Monel K500 Product Introduction
Product Overview
Monel K500 (UNS N05500) is a precipitation-hardening nickel-copper (Ni-Cu) superalloy derived from Monel 400, engineered to deliver significantly higher mechanical strength while retaining Monel 400’s legendary corrosion resistance. Unlike the non-hardening Monel 400, Monel K500 incorporates aluminum (2.3-3.1%) and titanium (0.35-0.85%)—elements that form nano-scale γ' phase (Ni₃(Ti,Al)) during aging heat treatment, boosting room-temperature tensile strength to ≥965 MPa (nearly double Monel 400’s ≥485 MPa). It maintains exceptional resistance to seawater, brine, and dilute acids, and performs stably up to 482°C. Widely used in high-stress corrosive environments (e.g., deep-sea oil wells, precision mechanical components) where Monel 400’s strength is insufficient, it balances "extreme strength + marine-grade corrosion resistance" like no other Ni-Cu alloy.
International Grade Comparison
Standard System | Grade | Description |
ASTM (USA) | N05500 | UNS Unified Numbering System Grade (exclusive for Monel K500) |
EN (EU) | NiCu30AlTi | EN 10088-1 Standard Grade (precipitation-hardening Ni-Cu alloy) |
JIS (Japan) | NW05500 | JIS G4902 Standard Grade (equivalent to Monel K500) |
DIN (Germany) | 2.4375 | DIN 17750 Standard Grade (strengthened variant of Monel 400’s 2.4360) |
ISO (International) | NiCu30AlTi | ISO 6363 Standard Grade (strength & corrosion dual-optimized Ni-Cu alloy) |
Physical Properties (Room Temperature & High-Temperature Highlights)
Property Indicator | Typical Value (Room Temp, After Aging) | Unit | Performance Advantage |
Tensile Strength | ≥965 | MPa | Nearly double Monel 400; retains ≥650 MPa at 482°C |
Yield Strength (0.2% Offset) | ≥760 | MPa | 3x higher than Monel 400’s ≥170 MPa; 482°C yield: ≥550 MPa |
Elongation (50mm Gauge Length) | ≥15 | % | Maintains ductility despite high strength; enables precision machining |
Density | 8.86 | g/cm³ | Slightly lower than Monel 400 (8.89 g/cm³) due to Al/Ti addition |
Melting Point | 1300-1350 | ℃ | Stable up to maximum service temperature (482°C) |
Magnetic Property | Non-magnetic | — | Suitable for navigation/electronic components |
Chemical Composition (Mass Fraction, Key Elements & Strengthening Mechanism)

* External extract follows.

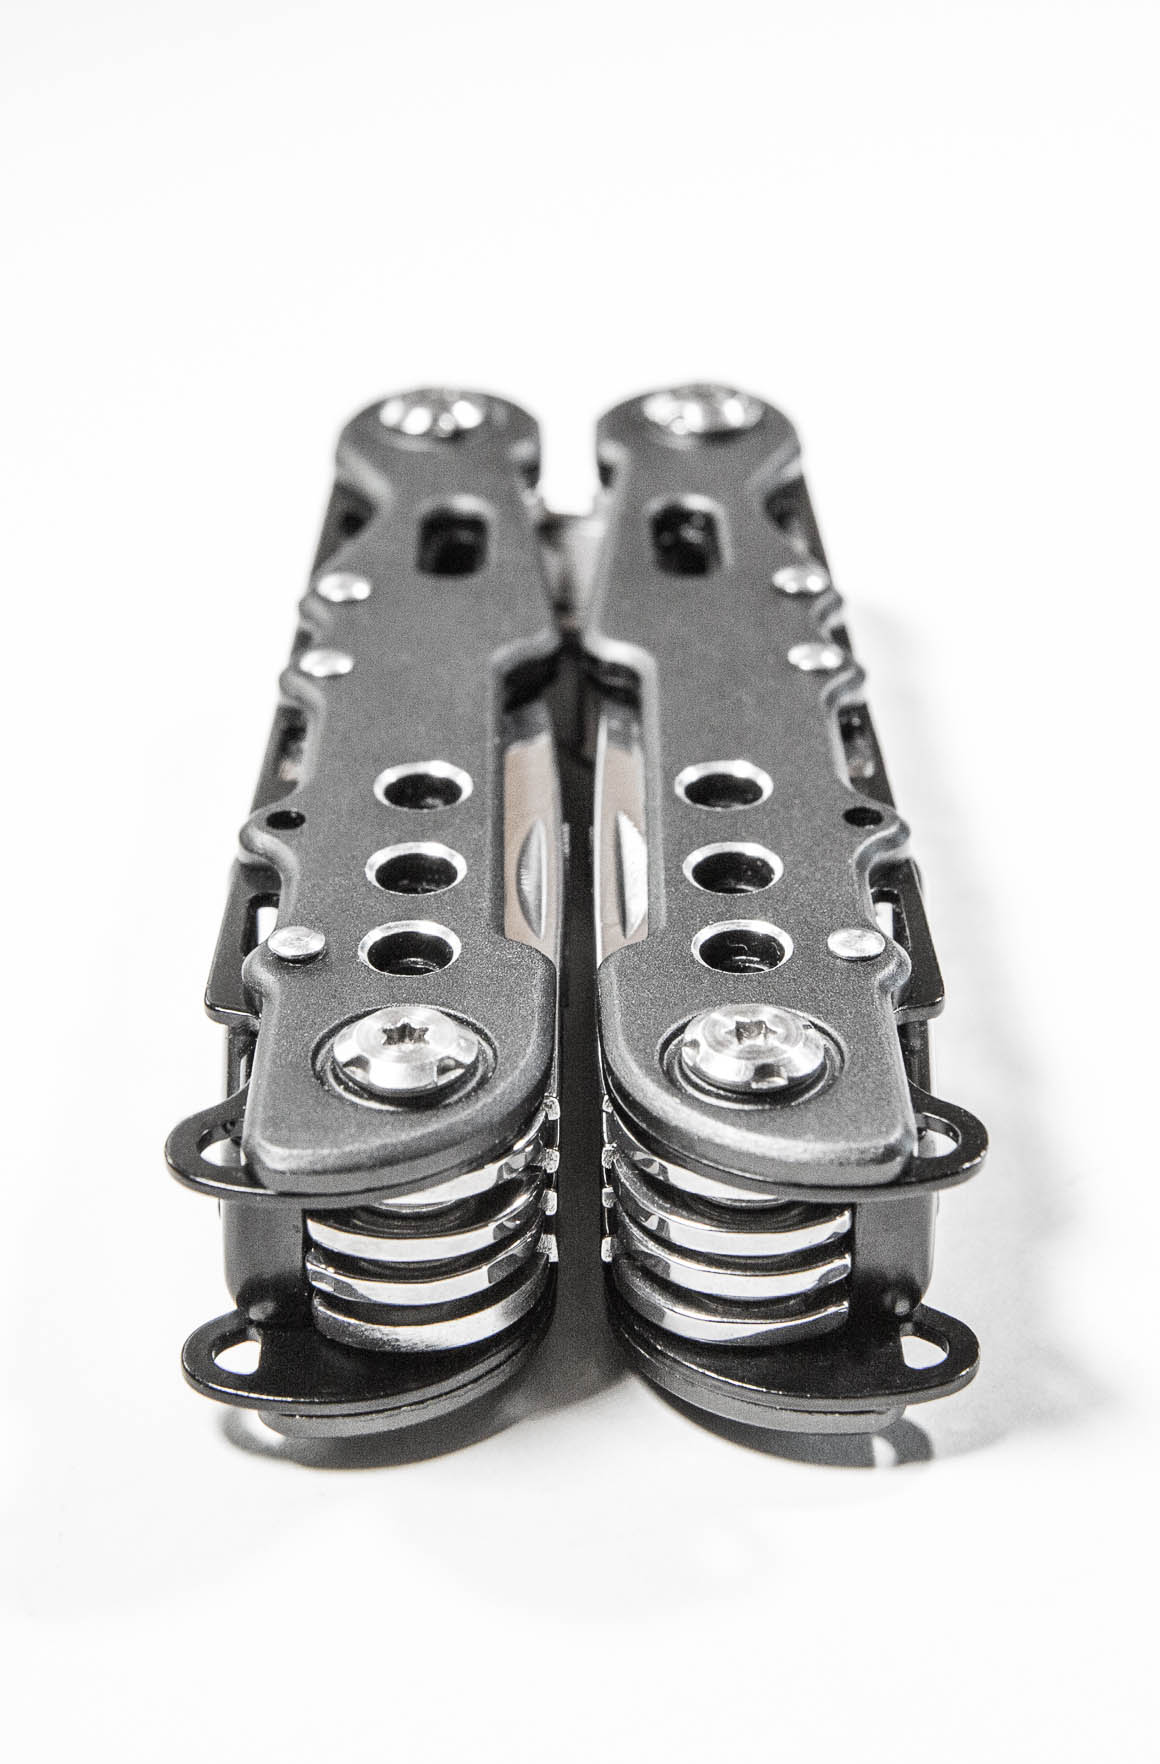 The Cerberuso 13-in-1 Multi-Tool has the ability to turn int'
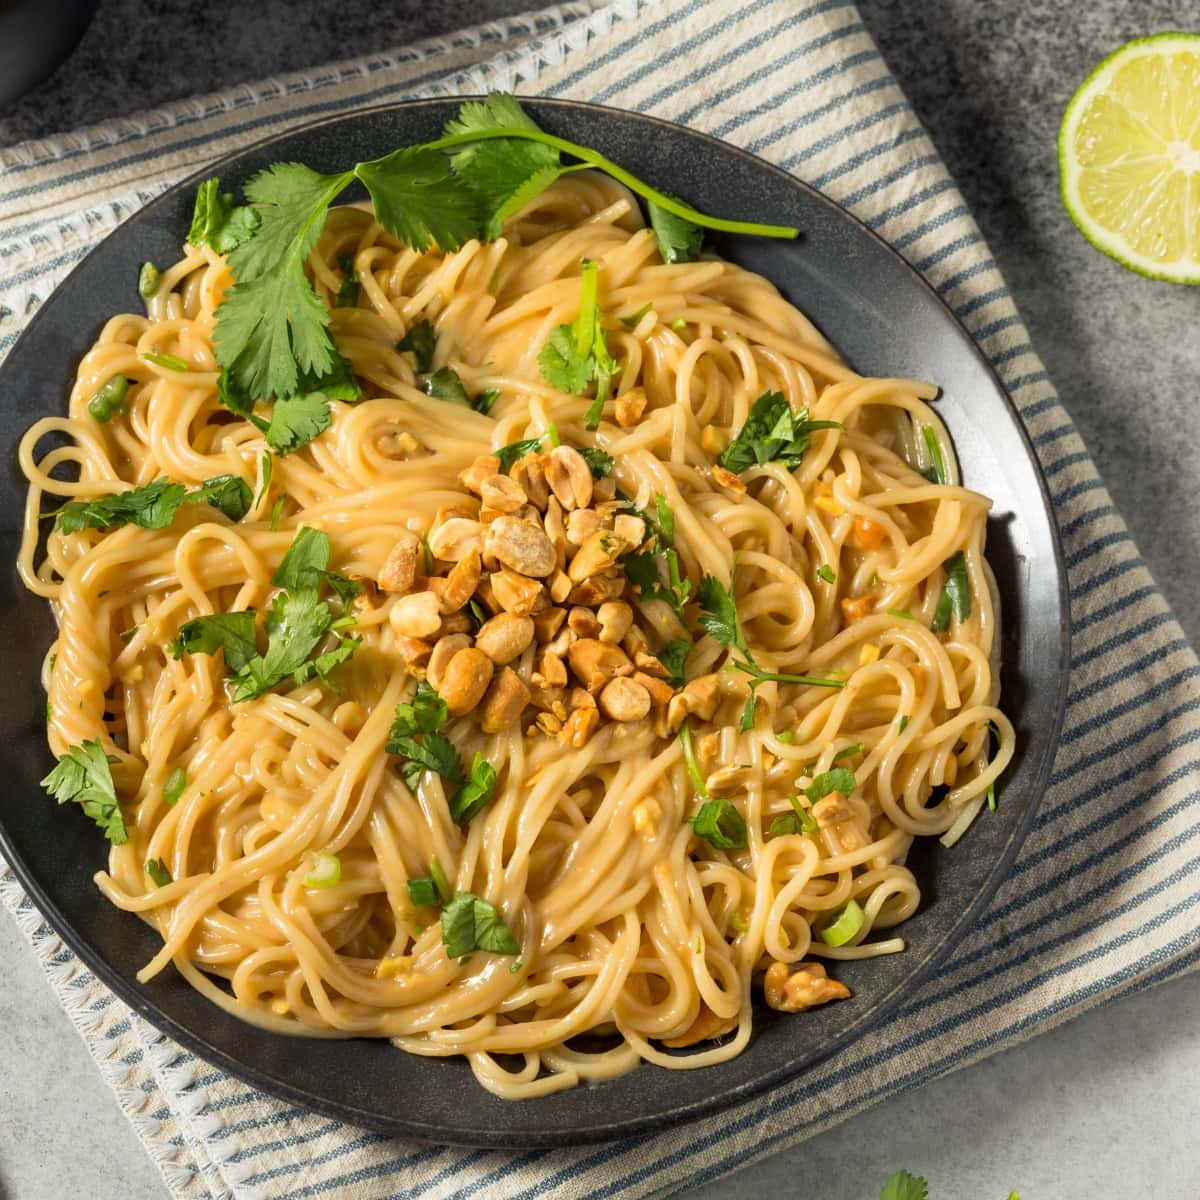 Noodle with peanut sauce served on a black plate garnished with chopped nuts and cilantro leaves.

Chemical Symbol | Composition Range (%) | Role in Performance |
Ni | 63.0-70.0 (Balance) | Stabilizes austenitic matrix; retains Monel 400’s corrosion resistance |
Cu | 27.0-33.0 | Enhances seawater/brine resistance; improves toughness |
Al | 2.3-3.1 | Core precipitation hardener; forms γ' phase (Ni₃Al) with Ti |
Ti | 0.35-0.85 | Synergizes with Al to refine γ' phase; boosts high-temp strength |
Fe | ≤2.0 | Improves hot workability; reduces hot cracking |
Mn | ≤1.5 | Refines grain size; enhances weldability |
C | ≤0.15 | Minimizes carbide precipitation; avoids intergranular corrosion |
S | ≤0.010 | Ultra-low content prevents sulfide stress cracking (SSC) in sour media |
Product Characteristics
1.Unmatched Strength-Corrosion Balance: Precipitation hardening delivers ≥965 MPa tensile strength (2x Monel 400) while retaining 95% of Monel 400’s marine corrosion resistance—outperforming most Ni-Cu and even some Incoloy alloys in high-stress corrosive environments;
2.Superior Marine & Acid Resistance: Ni-Cu matrix + low S content resists pitting, crevice corrosion, and SSC in seawater, brine, and dilute acids (e.g., 30% sulfuric acid, room temp)—meets NACE MR0175 for sour service;
3.Stable High-Temperature Performance: Retains high strength up to 482°C (60°C higher than Monel 400’s 427°C) with no brittle phase formation; suitable for medium-high temp load-bearing components;
4.Precision Processability: Despite high strength, it enables cold forming (annealed state) and precision machining; welding requires pre-heating (200-300°C) and post-weld aging to restore full strength;
5.Long-Term Structural Stability: γ' phase (Ni₃(Ti,Al)) is thermally stable—no strength degradation after 10,000 hours at 400°C; non-magnetic nature suits sensitive electronic/navigation applications.
Metallographic Structure
•Annealed State (Before Aging): Uniform face-centered cubic (FCC) austenitic matrix (ASTM grain size 5-8 grades) with Al/Ti dissolved in the Ni-Cu matrix—no visible precipitates, ensuring good formability;
•Aged State (After Hardening): Austenitic matrix dispersed with nano-scale γ' phase (Ni₃(Ti,Al)) (10-30 nm in size) at grain boundaries and within grains. These precipitates act as "dislocation barriers" to enhance strength, while the single-phase austenitic base retains corrosion resistance—no harmful intermetallic phases (e.g., sigma phase) form.
Product Forms and Executive Standards
Product Form | Main International Executive Standards | Application Reference |
Plates/Sheets | ASTM B127, EN 10088-2 | Deep-sea oil well pressure vessel liners, high-stress marine hull components |
Seamless Pipes/Tubes | ASTM B165, EN 10216-5 | Subsea oil & gas flowlines (high pressure), acid transport tubes (high stress) |
Bars/Forgings | ASTM B160, EN 10269 | Marine propeller shafts, pump impellers (high torque), valve stems (high pressure) |
Wires/Rods | ASTM B164, EN 10250-3 | Precision springs (corrosive environments), welding filler wires for high-strength joints |
Fasteners | ASTM F467, EN 10269 | Offshore platform high-strength bolts, subsea connector fasteners |